DE LA NÉCESSITÉ DE PÉRENNISER L’ACTION PUBLIQUE
Le pilier I du PMV, dédié à la « grande » agriculture productiviste, présente également des difficultés à pérenniser les contrats d’agrégation. Leur objectif est d’intégrer l’amont et l’aval des différents secteurs de l’agriculture en poussant les agriculteurs – moyennant des subventions – à signer des contrats d’exclusivité avec un industriel. Celui-ci vend les intrants chimiques, fournit un conseil agricole aux agriculteurs et s’engage à acheter toute leur production. En échange, ces derniers s’engagent à suivre ses conseils, acheter ses intrants et à lui vendre toute leur production. Dans les faits, l’agrégateur n’est pas toujours livré par l’agrégé, qui préfère, dans un marché ouvert, vendre au plus offrant plutôt que de se retrouver attaché à un seul gros client, qui se trouve également être son fournisseur. Ainsi, « les agriculteurs avaient-ils tendance, jusqu’ici, à signer des contrats pour bénéficier des subventions et ne les renouvelaient pas ensuite. Il est même arrivé qu’ils ne respectent pas le contrat et ne livrent jamais l’agrégateur, car un acheteur s’était présenté sur le marché avec un meilleur prix », explique Khawla Hdidi, ingénieure agronome. Pour que ces contrats durent, il faut que les partenaires perçoivent pleinement leur intérêt dans l’affaire. Selon Khawla Hdidi, les gains de rendement des agriculteurs sont tels qu’ils ont un net intérêt à renouveler le contrat, mais ils sont méfiants et ce n’est « qu’au bout de trois ou quatre années que l’on parvient à établir des relations de confiance qui permettent à l’agrégation de porter ses fruits. »

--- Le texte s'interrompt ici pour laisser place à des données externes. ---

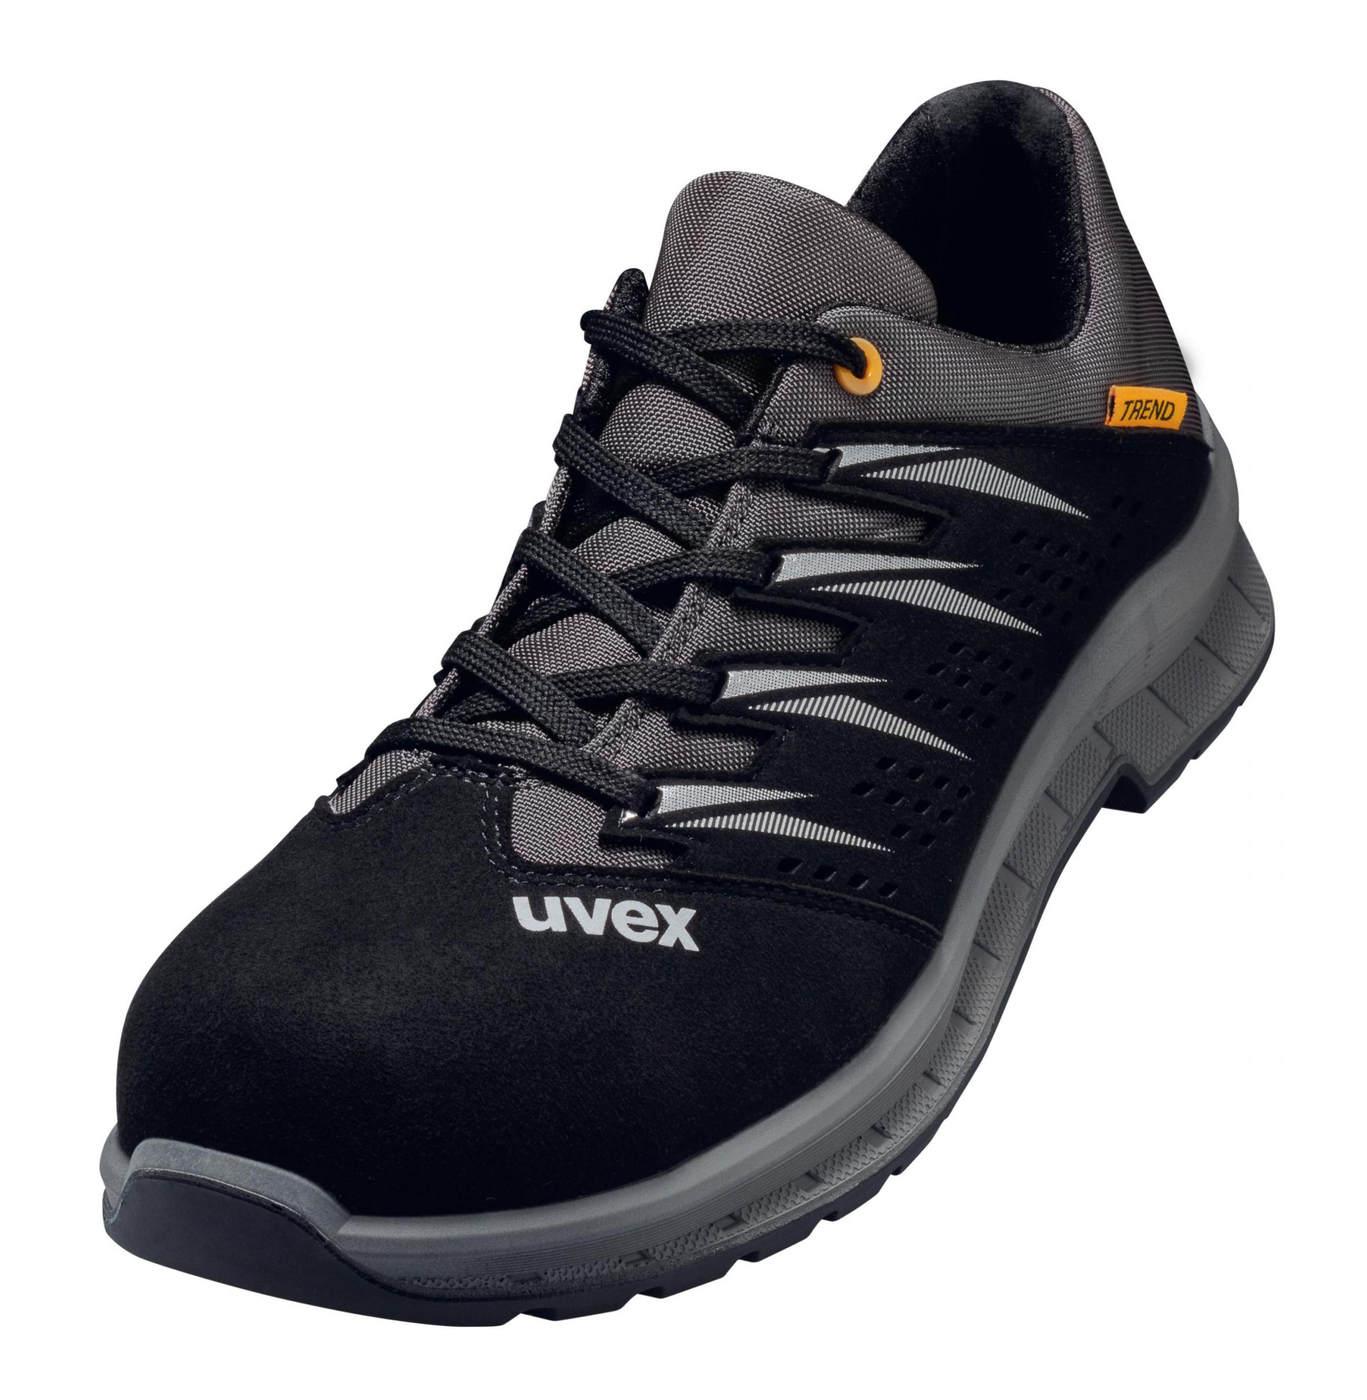 Obuv UVEX preforovaná,čierno šedá č.41 6947841 - Pracovná obuv | MasMasaryk

Au niveau du ministère de l’Agriculture, une prise de conscience de la nécessité de pérenniser l’action publique se fait progressivement. Déjà, en 2016, la loi sur l’agrégation a été amendée : « Les subventions sont désormais lissées dans le temps, voire conditionnées au respect du contrat d’agrégation, pour assurer sa pérennité », souligne Khawla Hdidi. « Je ressens une nette inflexion de la politique agricole, depuis peu. Alors qu’au début, on pouvait parler d’intensification à outrance, le PMV commence à subventionner des expériences d’agroécologie en bio et en semis direct, reconnaît avec satisfaction Mostafa Errahj. De nombreux colloques et l’évolution des textes de lois prouvent cette nouvelle sensibilité. » En parallèle, les pouvoirs publics essaient également de saisir le monde rural comme un tout, un ensemble fragile dont on ne peut pas isoler l’agriculture pour la subventionner selon le même barème que l’agriculture productiviste. Le ministère de l’Agriculture a ainsi créé une direction de développement de l’espace rural et des zones de montagne et adopté une stratégie dédiée en juillet 2015. Quant à l’eau, sans laquelle rien n’est possible, le gouvernement ne semble toujours pas prêt à prioriser la préservation de la ressource sur la productivité agricole (voir article ci-dessous) et tente le compromis. Aujourd’hui, « c’est là que la force publique doit s’exercer, estime Mohamed Errahj. Les cartes de vocation des sols ne doivent pas seulement servir à déterminer où l’on peut cultiver, mais également où l’on n’a pas le droit de le faire ».